Exercises for A Megsquats Booty

Shape and firm your butt by focusing on glutes (bum cheeks) and hamstrings (back of the thigh) exercises. Here are the best glute and hamstrings exercises for butt growth:

1. Planks.

The first exercise to help you get that perky butt is planks. Planks will help build the muscle tone and strength needed for your bum.

2. Squats.

There are numerous exercises for getting a megsquats like booty, but squats are the simplest and most effective.

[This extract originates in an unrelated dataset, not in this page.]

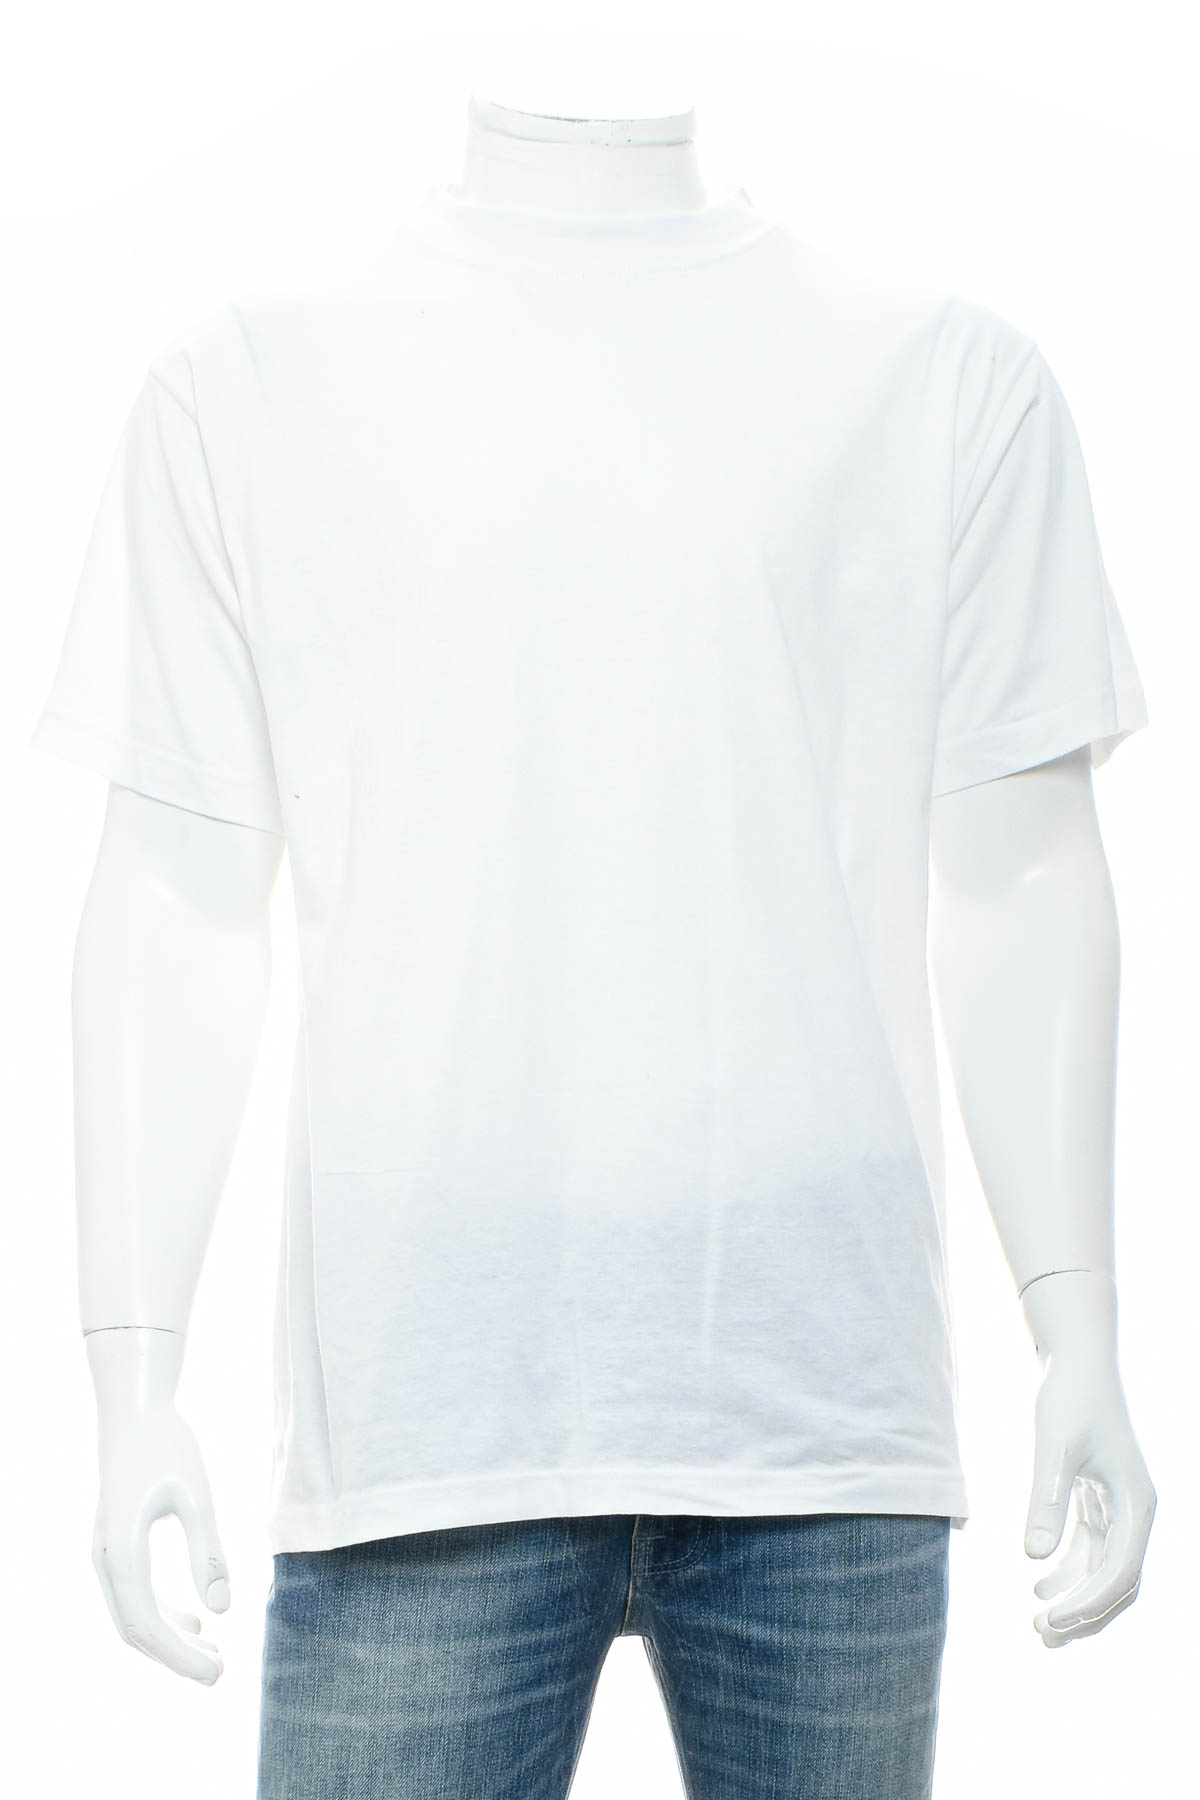 Men's T-shirt - Miami Beach - 0

Squats work on multiple muscle groups at once and they’re also an excellent way to tone your bum.

3. Single leg deadlift.

The single-leg deadlift is a great exercise for working your glutes and hamstrings. It helps you achieve a rounder, firmer backside.

4. Dumbbell leg curl.

The dumbbell leg curl is an exercise that targets the hamstrings. It can be performed both as a single-leg exercise and as a bilateral exercise to tone and strengthen the hamstrings.

5. Plank leg lift.

The plank position is one of the most effective exercises that you can do to strengthen your core and tone your glutes. It will help you get those curves, raise your butt and lift the corners of your back.

6. Burpees.

Burpees help burn fat and build muscle at the same time. They’re a great bodyweight exercise that can be used to build strength in your butt and core which improves your posture.

7. Chair pose.

The chair pose is a great yoga posture that will give you a firm and lifted behind. This is a great pose for all yogis, and you can do it at home without any special equipment.

8. Sidestepping.

You can use side stepping to lose fat off your buttocks. By doing this exercise, you’ll also build up muscle tissue, which makes your butt look bigger and more rounded.

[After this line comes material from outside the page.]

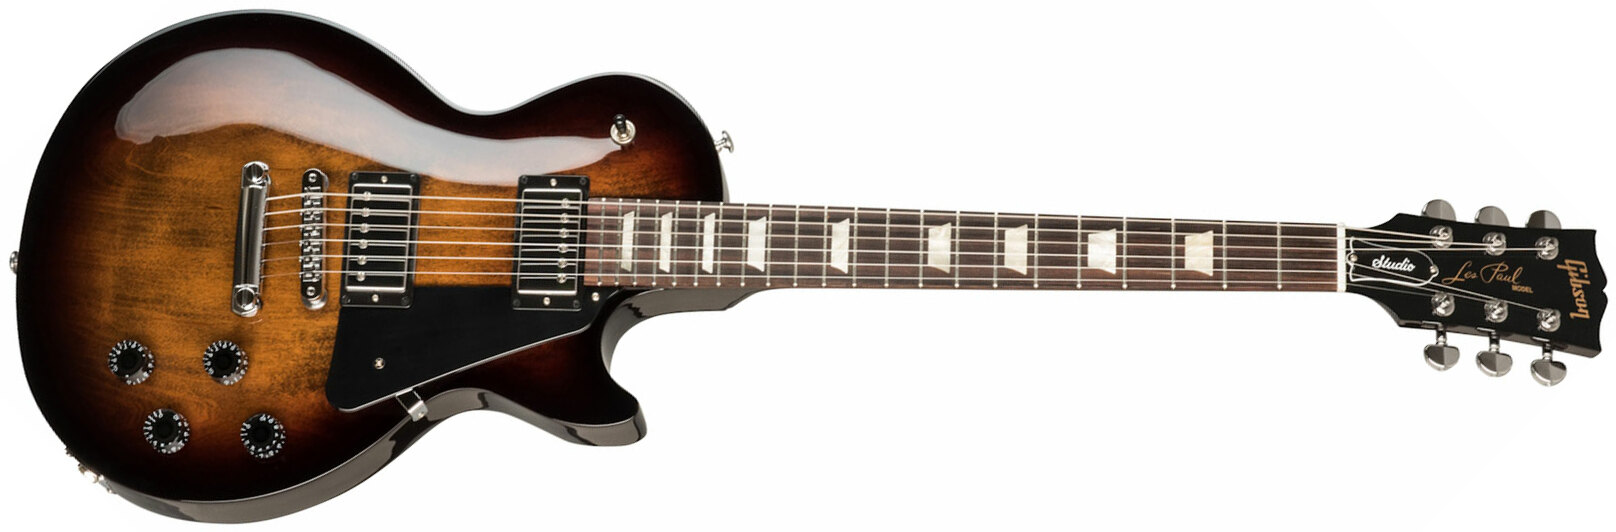 Gibson Les Paul Studio Modern 2h Ht Rw - Smokehouse Burst - Single cut electric guitar - Main picture

Important note: Don’t forget to mix up your exercise routine. Take a break from your usual routine and spice it up a little. Have some fun with your workout by trying out alternative exercises.

Does your out-of-shape butt affect your confidence? Learn how to unlock your Glutes to give you a rock hard round butt that will get heads turning for the right reasons and fill you with confidence.

Unlock All 3 Areas Of Your Glutes Now

 

 

 

The Secret to Faster Butt Development

It’s mainly about good form i.e. doing the exercises precisely. The bottom line (pardon the pun) to getting a megsquats booty or the bum you want is to do the exercises with good form and take the supplements that will enhance and catapult your results

How to Lose More Fat from your Butt

One thing that keeps your bum from getting fitter and more shapely is the amount of visceral fat covering it.

Losing fat from your butt requires you to do the following things:

Swap cardio for weights. You might be surprised to learn that weight training can help you achieve a firm, toned rear. If you’re not seeing the results you want from your current workout routine, swap out cardio for weights to build a better butt. You could even do a weights-cardio combo by incorporating jump rope circuits to have more of a crossfit approach..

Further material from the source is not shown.